In Corso v. New York State Dept. of Corrections & Community Supervision, 2019 WL 2869573 (NDNY July 3, 2019), the court, inter alia, granted defendant’s motion for summary judgment on plaintiff’s hostile work environment claim under Title VII of the Civil Rights Act of 1964.
From the decision:
Title VII does not impose “a general civility code for the American workplace.” Oncale v. Sundowner Offshore Servs., Inc., 523 U.S. 75, 81 (1998). “[S]imple teasing, offhand comments, and isolated incidents (unless extremely serious) will not amount to discriminatory changes in the terms and conditions of employment.” Faragher v. City of Boca Raton, 524 U.S. 775, 788 (1998) (citation and internal quotation marks omitted). “Conduct that is merely offensive, unprofessional, or childish cannot support a hostile work environment claim.” Payton v. City Univ. of N.Y., 453 F. Supp. 2d 775, 785 (S.D.N.Y. 2006) (internal quotation marks omitted); accord Zucco v.
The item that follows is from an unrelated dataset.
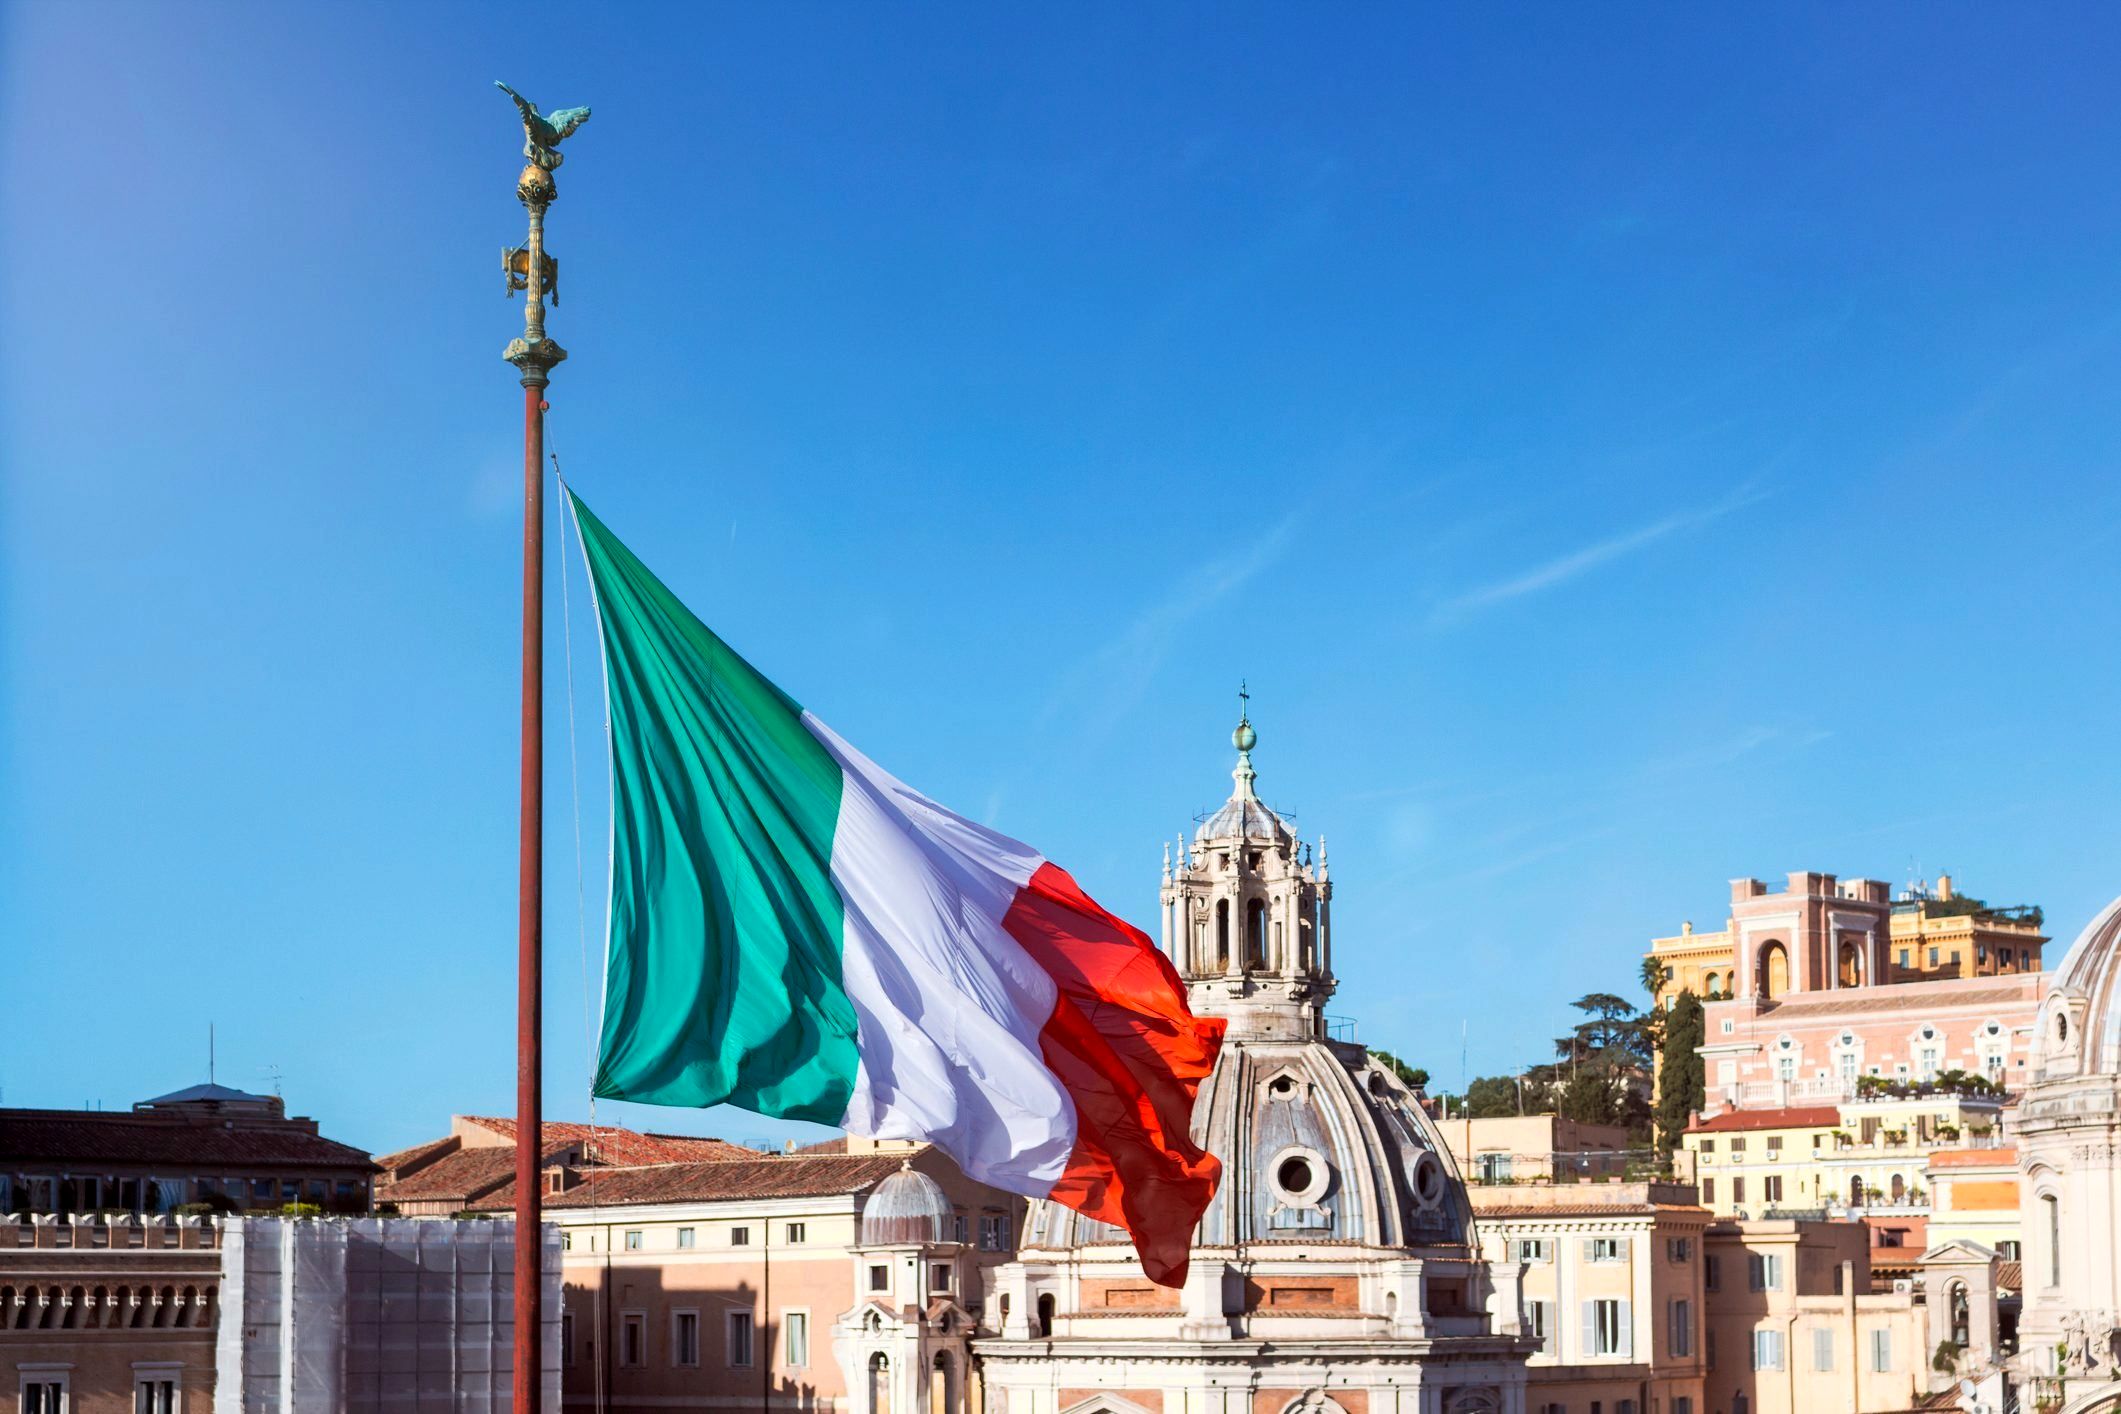 تبریک ایتالیا به پزشکیان / امیدواری برای تقویت روابط دیپلماتیک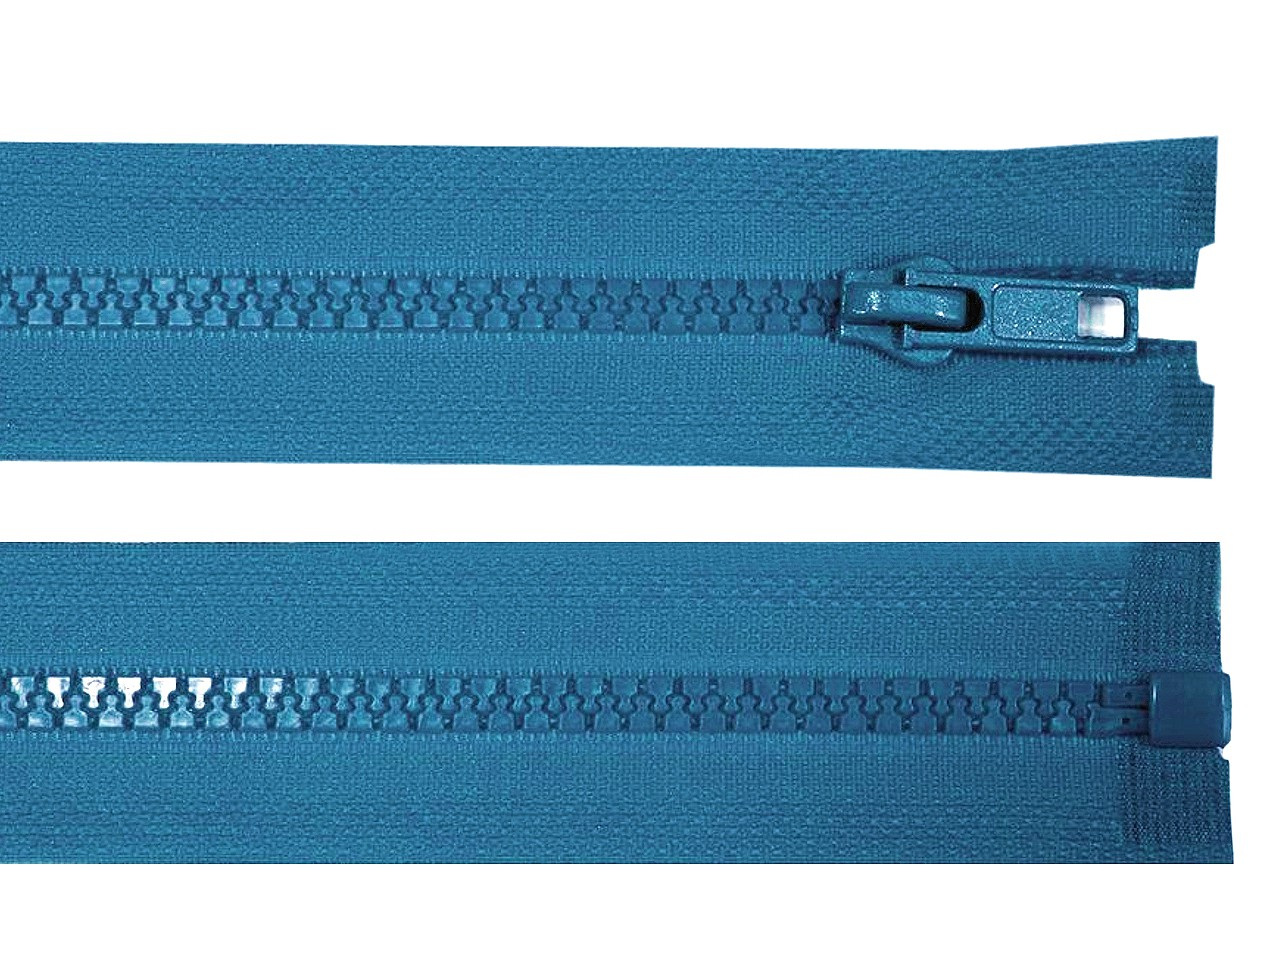 Kostěný zip No 5 délka 40 cm bundový, barva 216 modrá sytá

Auto Zone, Inc., 800 F. Supp. 2d 473, 476 (W.D.N.Y. 2011) (noting that “sporadic, isolated incidents of boorish or offensive use of language are insufficient to establish a hostile work environment” (internal quotation marks omitted)). Further, “[i]ncidents that are few in number and that occur over a short period of time may fail to demonstrate a hostile work environment.” Whidbee, 223 F.3d at 69 (internal quotation marks omitted).
On the present record, even viewed in the light most favorable to Plaintiff, she has failed to identify any sufficiently severe or pervasive misconduct, such as “discriminatory intimidation, ridicule, and insult,” Alfano, 294 F.3d at 373, that altered her terms and conditions of employment. She complains that, during her one-and-a-half-day stint in the draft unit, draft officers ignored her, isolated her, and failed to instruct her on her job duties. (Dkt. No. 40, at 29). But that short-lived experience does not rise to the level of harassment actionable under Title VII. See, e.g., Campbell v. Nat’l Fuel Gas Distribution Corp., No. 13-cv-00438, 2016 WL 8929078, at *9–10, 2016 U.S. Dist. LEXIS 98344, at *30–31 (W.D.N.Y. July 26, 2016) (ruling that the plaintiff’s complaint of being “ignored” every day and given the “cold shoulder treatment” is not sufficiently severe or pervasive to establish a hostile work environment claim), report-recommendation adopted, 252 F. Supp. 3d 205 (W.D.N.Y. 2017); Costello v. N.Y. State Nurses Ass’n, 783 F. Supp. 2d 656, 680 (S.D.N.Y. 2011) (holding that the incidents complained of, including being “openly ignored” in meetings, were “not sufficiently pervasive or continuous as to alter the conditions of [the plaintiff’s] employment”). For the same reason, Plaintiff’s argument that she felt “isolated” and “uncomfortable” when she was assigned to draft on subsequent occasions—a contention that notably lacks specificity—fails to satisfy the requisite standard.
Plaintiff also notes that she was the target of hostile comments and “attitudes.” (Dkt. No. 40, at 26, 29, 31–32). She recounts three instances in particular: one when she was “denigrated by being told she ‘has two fucking legs’ which she should use to escort inmates; another when officers disparaged her choice of the wrong table; and a third when inmates reported to her that male officers were making “nasty” comments about her. (Id.). Even if the Court infers, based on context, that the comments were gender related, they are but isolated remarks spanning less than a day and a half, and, although unfriendly, they cannot reasonably be deemed to be “extraordinarily severe.”
The court concluded that plaintiff failed to raise a genuine issue of fact as to the existence of an objectively hostile work environment, and therefore dismissed that claim.